## Task item
Keep to one stretch of the data below, the lines from the one with "8.5 Men Nike" up to and including the one with "Bathroom Cabinet Renovations", and return that stretch exactly.

Top of Source material

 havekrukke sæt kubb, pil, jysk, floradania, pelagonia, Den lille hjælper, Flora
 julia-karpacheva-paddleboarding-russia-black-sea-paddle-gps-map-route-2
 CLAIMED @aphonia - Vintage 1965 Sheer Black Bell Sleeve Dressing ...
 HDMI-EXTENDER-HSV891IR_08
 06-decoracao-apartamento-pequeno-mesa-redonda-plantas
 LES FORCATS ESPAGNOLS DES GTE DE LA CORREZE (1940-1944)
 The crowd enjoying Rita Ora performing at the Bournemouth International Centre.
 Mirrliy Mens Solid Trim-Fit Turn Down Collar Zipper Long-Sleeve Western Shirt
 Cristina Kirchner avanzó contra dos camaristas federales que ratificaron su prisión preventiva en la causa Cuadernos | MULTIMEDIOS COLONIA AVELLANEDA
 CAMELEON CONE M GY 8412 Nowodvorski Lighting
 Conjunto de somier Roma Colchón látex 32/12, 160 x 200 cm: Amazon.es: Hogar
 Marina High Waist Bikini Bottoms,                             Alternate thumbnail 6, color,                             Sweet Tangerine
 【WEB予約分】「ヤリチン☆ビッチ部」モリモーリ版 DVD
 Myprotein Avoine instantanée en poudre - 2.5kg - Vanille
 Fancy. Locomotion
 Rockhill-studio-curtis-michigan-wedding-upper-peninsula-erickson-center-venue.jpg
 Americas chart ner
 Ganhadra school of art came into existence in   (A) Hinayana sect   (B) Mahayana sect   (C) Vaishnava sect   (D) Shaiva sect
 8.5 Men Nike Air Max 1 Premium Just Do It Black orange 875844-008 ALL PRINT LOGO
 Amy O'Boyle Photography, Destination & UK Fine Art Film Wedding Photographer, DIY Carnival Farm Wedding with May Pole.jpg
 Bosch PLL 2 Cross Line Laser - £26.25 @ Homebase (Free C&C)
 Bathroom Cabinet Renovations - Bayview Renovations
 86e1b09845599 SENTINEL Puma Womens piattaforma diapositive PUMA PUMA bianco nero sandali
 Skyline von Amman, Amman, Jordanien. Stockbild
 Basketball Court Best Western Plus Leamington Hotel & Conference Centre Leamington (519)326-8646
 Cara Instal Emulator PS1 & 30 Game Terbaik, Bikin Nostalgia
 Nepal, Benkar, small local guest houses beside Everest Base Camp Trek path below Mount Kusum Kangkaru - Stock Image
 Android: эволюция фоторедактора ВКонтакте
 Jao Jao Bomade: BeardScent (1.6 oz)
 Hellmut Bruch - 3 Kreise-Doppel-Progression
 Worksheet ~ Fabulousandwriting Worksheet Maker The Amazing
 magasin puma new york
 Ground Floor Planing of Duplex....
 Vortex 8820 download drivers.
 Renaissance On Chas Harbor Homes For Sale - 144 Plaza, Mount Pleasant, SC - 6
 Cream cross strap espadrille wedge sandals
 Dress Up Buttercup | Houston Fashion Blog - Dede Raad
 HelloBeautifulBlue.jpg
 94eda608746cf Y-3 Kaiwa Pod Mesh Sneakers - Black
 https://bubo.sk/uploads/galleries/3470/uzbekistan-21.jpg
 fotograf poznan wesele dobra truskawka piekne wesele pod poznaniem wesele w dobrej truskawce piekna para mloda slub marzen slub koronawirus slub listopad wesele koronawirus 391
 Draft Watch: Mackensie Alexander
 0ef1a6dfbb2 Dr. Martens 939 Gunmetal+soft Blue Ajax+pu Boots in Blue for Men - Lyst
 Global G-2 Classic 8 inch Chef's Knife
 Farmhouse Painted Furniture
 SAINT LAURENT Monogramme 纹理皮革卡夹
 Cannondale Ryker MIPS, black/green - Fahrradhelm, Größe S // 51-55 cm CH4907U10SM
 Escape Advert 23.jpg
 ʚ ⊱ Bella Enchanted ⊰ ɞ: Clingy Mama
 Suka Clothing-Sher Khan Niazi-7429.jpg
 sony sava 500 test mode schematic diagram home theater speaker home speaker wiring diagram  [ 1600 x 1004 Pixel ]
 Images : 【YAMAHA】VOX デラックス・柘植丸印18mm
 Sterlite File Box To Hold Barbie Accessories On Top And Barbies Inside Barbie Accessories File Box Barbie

Bottom of Source material

## Expected output
 8.5 Men Nike Air Max 1 Premium Just Do It Black orange 875844-008 ALL PRINT LOGO
 Amy O'Boyle Photography, Destination & UK Fine Art Film Wedding Photographer, DIY Carnival Farm Wedding with May Pole.jpg
 Bosch PLL 2 Cross Line Laser - £26.25 @ Homebase (Free C&C)
 Bathroom Cabinet Renovations - Bayview Renovations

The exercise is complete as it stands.